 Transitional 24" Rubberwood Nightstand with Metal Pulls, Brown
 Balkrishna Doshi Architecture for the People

...

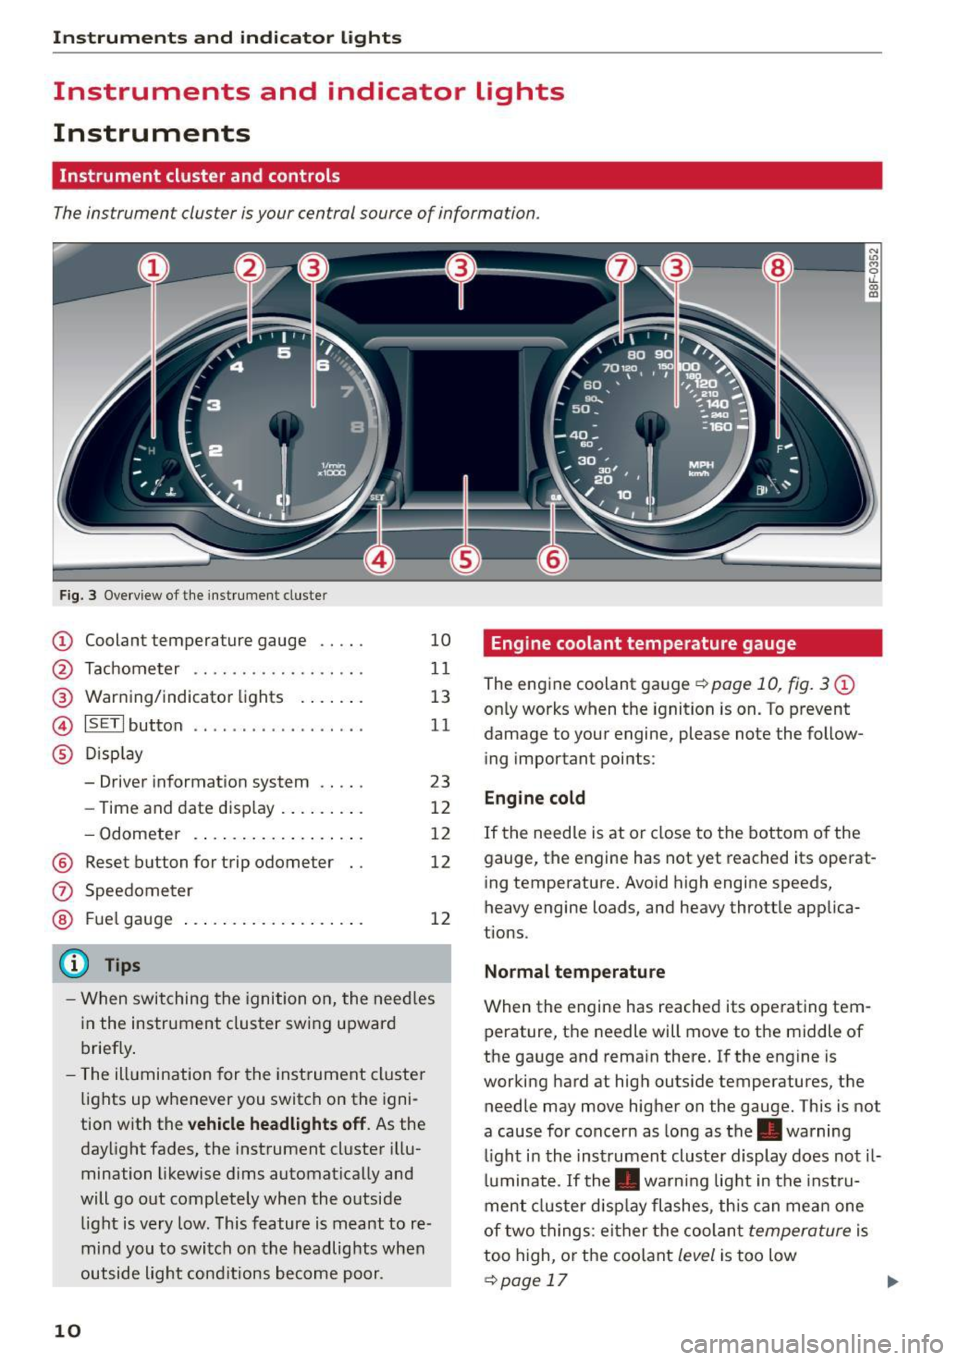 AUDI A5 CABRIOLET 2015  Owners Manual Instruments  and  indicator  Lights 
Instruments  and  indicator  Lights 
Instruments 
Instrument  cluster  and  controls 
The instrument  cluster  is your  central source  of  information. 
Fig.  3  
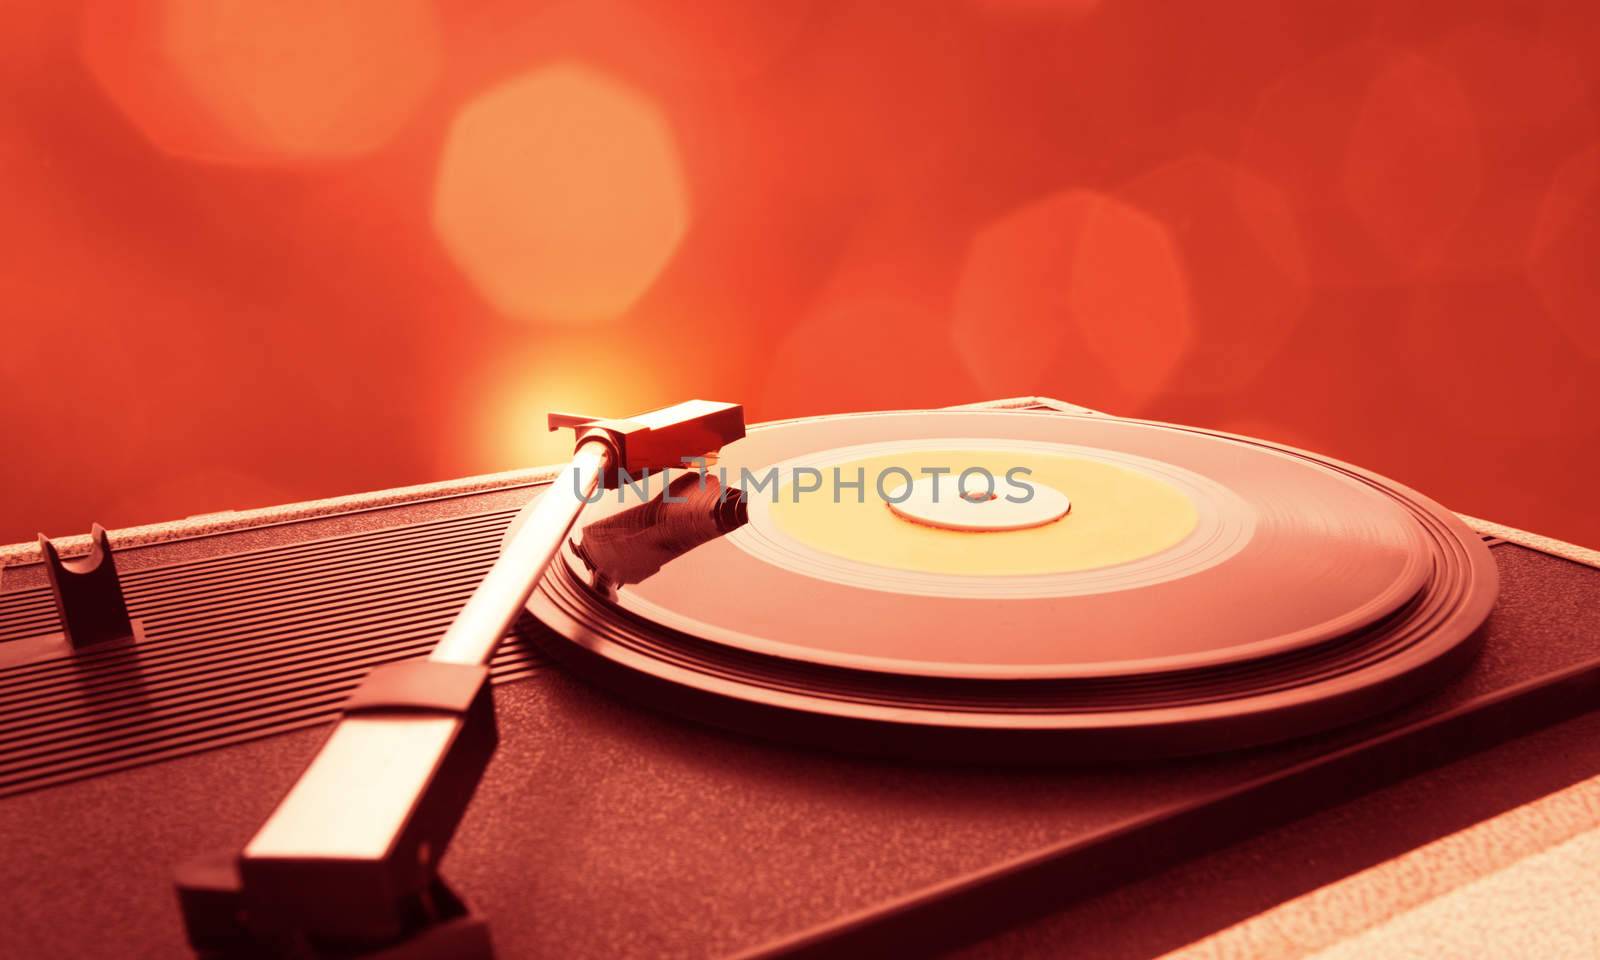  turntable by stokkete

[Your goal] All lines that contain the word "cluster" must be copied from the records above.

[Result of this exercise]
Instrument  cluster  and  controls 
The instrument  cluster  is your  central source  of  information. 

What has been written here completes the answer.